Do they really think they can get away with this pathetic subterfuge? Why can't they, at this late hour, finally man up and admit that they want smoking banned, they always wanted smoking banned and their 'endgame' is about banning smoking?

The tobacco industry have tried to paint this proposal as “prohibition” and argue that black markets will emerge, and compared it to alcohol prohibition in the USA in the 1930s.

Heaven forbid that anyone should infer that "legislation precluding the sale and supply of tobacco to individuals" amounts to prohibition!

Firstly, the fact that "only sellers would be subject to penalties" does not make the "endgame" different or more liberal than prohibition. Only sellers were subject to penalties under Prohibition (which, by the way, was mainly in the 1920s, not the 1930s). It was never illegal to drink, nor was it illegal to possess alcohol.
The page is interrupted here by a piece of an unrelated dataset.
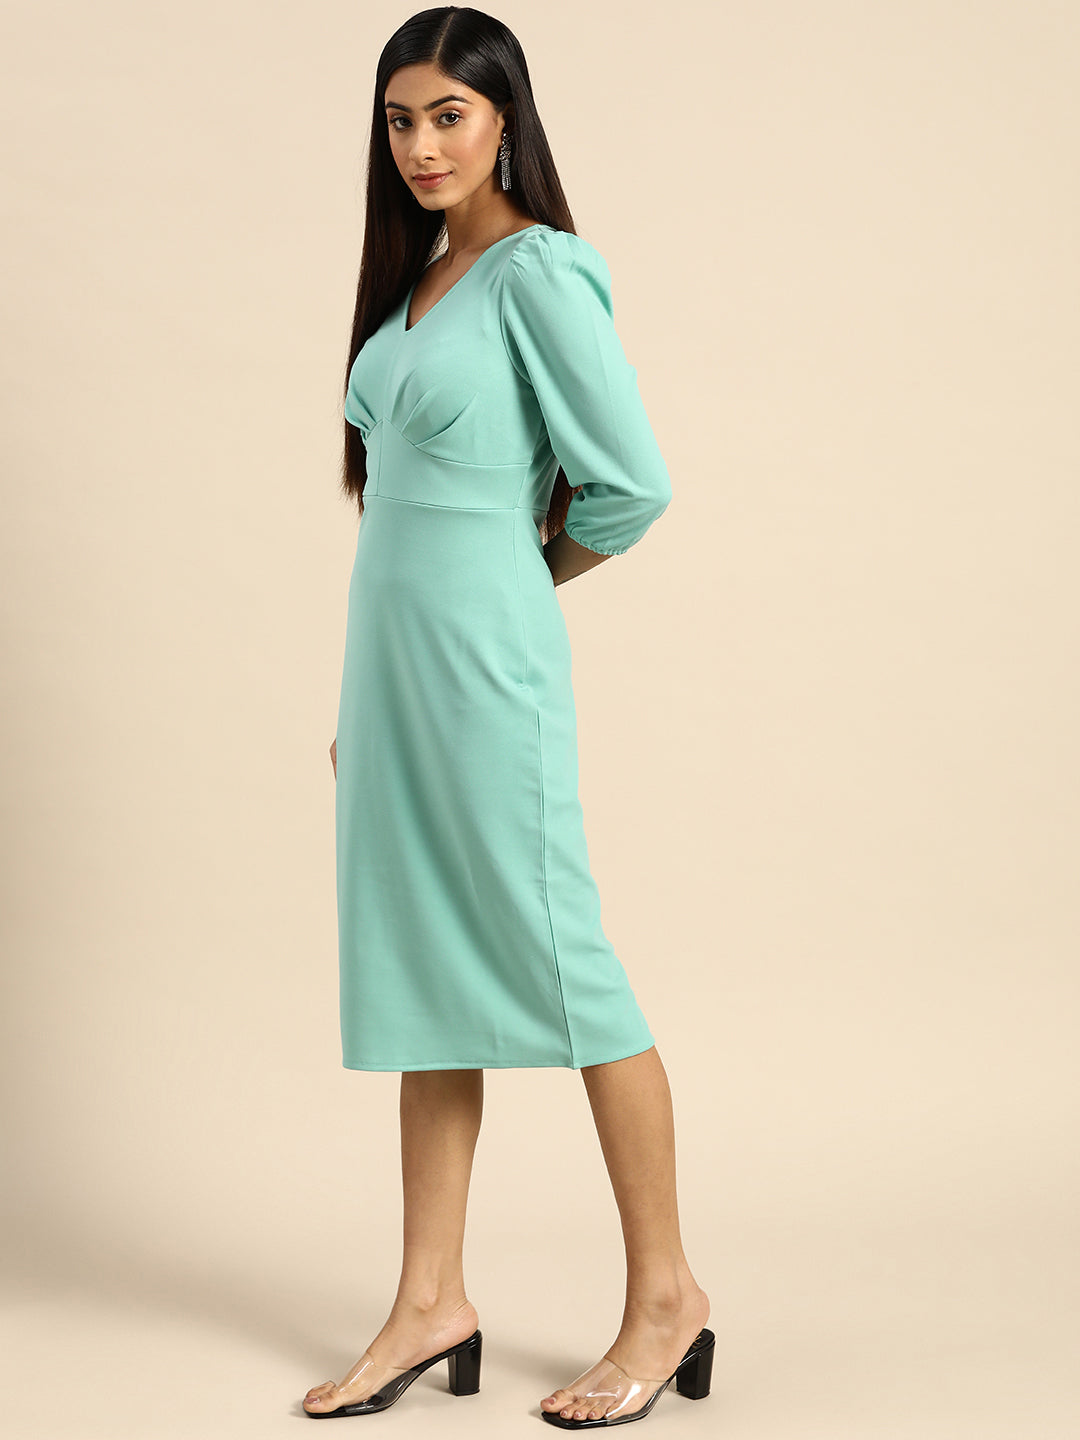 Athena Turquoise Blue Bodycon Midi Dress - Athena Lifestyle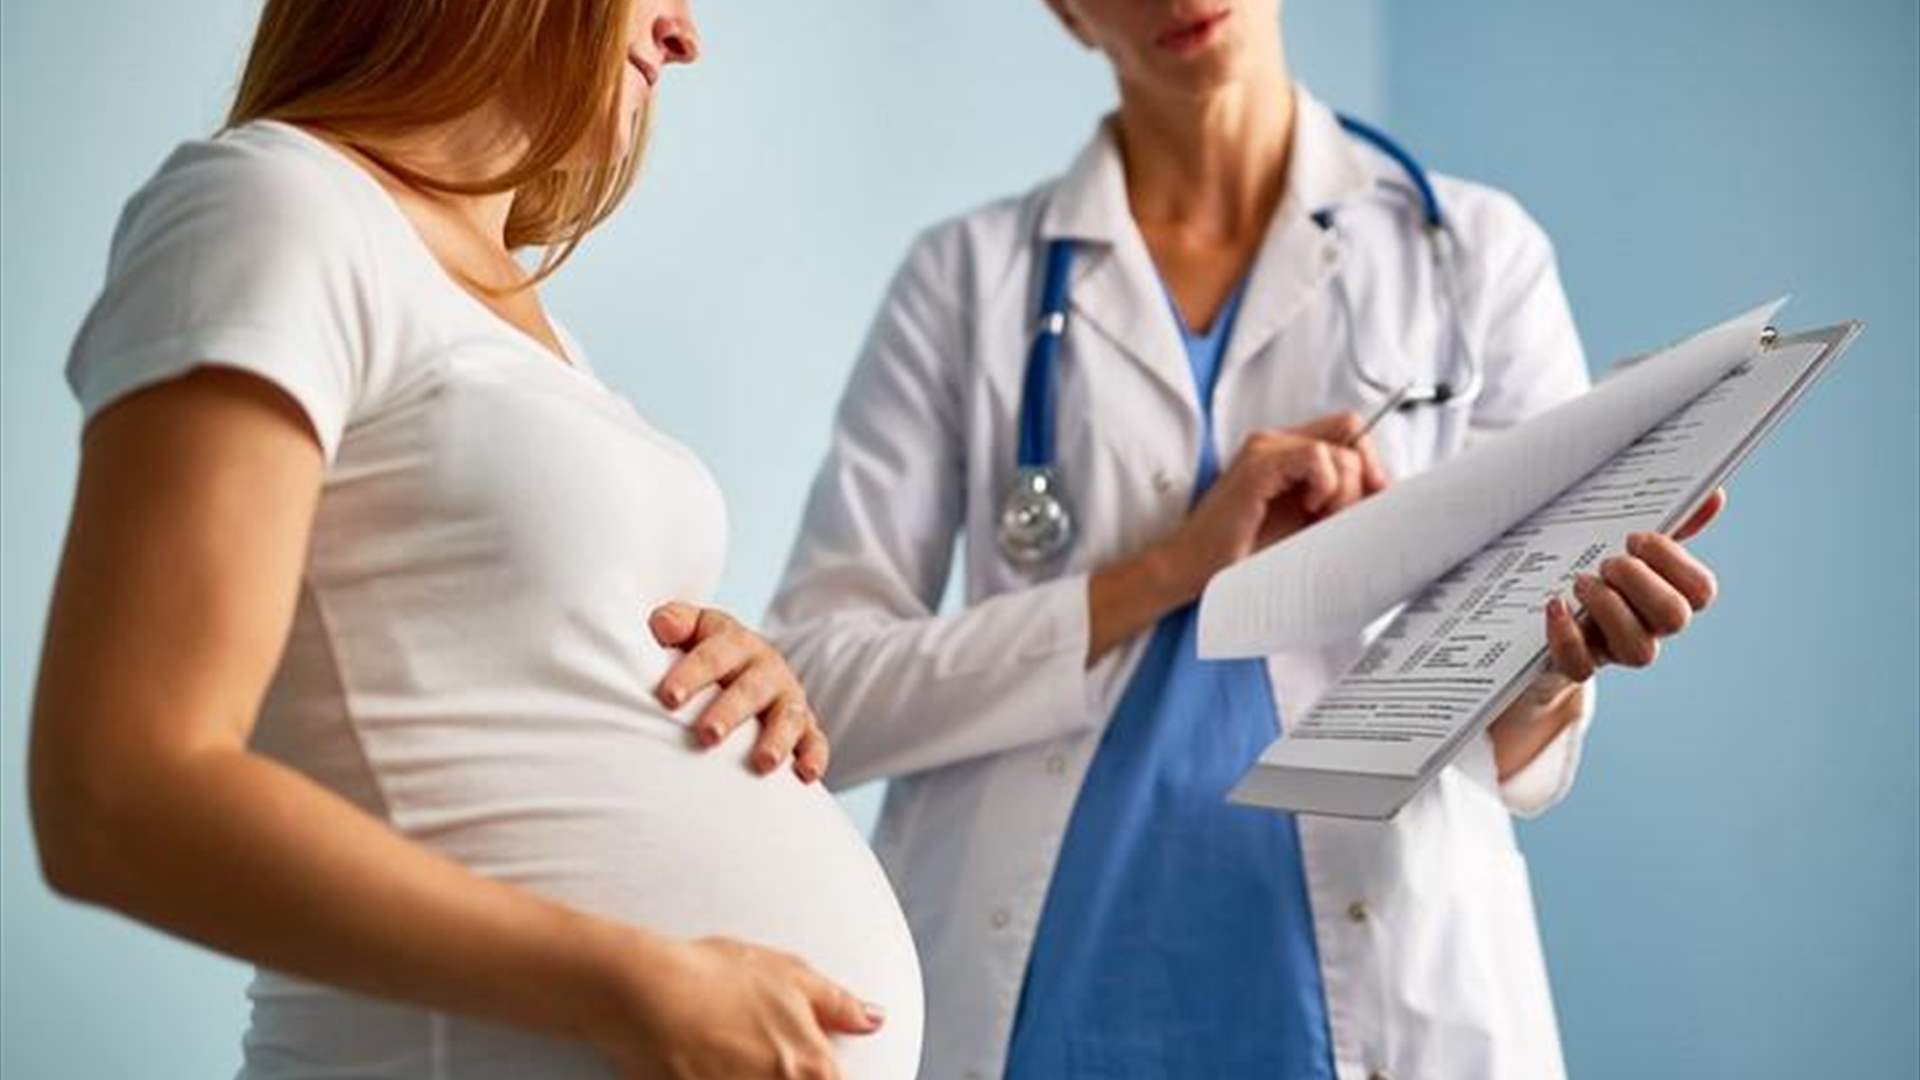 ولادة مبكرة من كل 10 حالات في الولايات المتحدة مرتبطة بتعرض الحوامل للفثالات

The only difference between Tasmania's "endgame" and Prohibition is that it does not ban the manufacture of tobacco, meaning that it will be retailers rather than the hated Big Tobacco that will be in the firing line.

Secondly, Bhutan recently experimented with a more comprehensive endgame strategy and it didn't work out too well.

Thirdly, it would be a miracle if "black markets" did not "emerge". Not only are black markets inevitable whenever the laws prohibits the sale of products for which there is demand, but the ludicrous endgame strategy means that the only criteria you'll need to become a black marketeer will be a year-of-birth that begins '19'. No need to make contact with the underworld. Just pop to the shops, stock up, and hit the street. Only a gurning fanatic could fail to predict that in the year 2025, for example, there will be a booming trade in 26 year olds selling cigarettes to 24 year olds. And if you find yourself in the inter-generational illicit trade, why not start selling to 15 year olds as well?

Finally, it is no business of the government if a 23 year old wants to buy a pack of cigarettes in ten years time. Not in Tasmania. Not anywhere. No, not even a little bit. Call off your dogs you prohibitionist scum.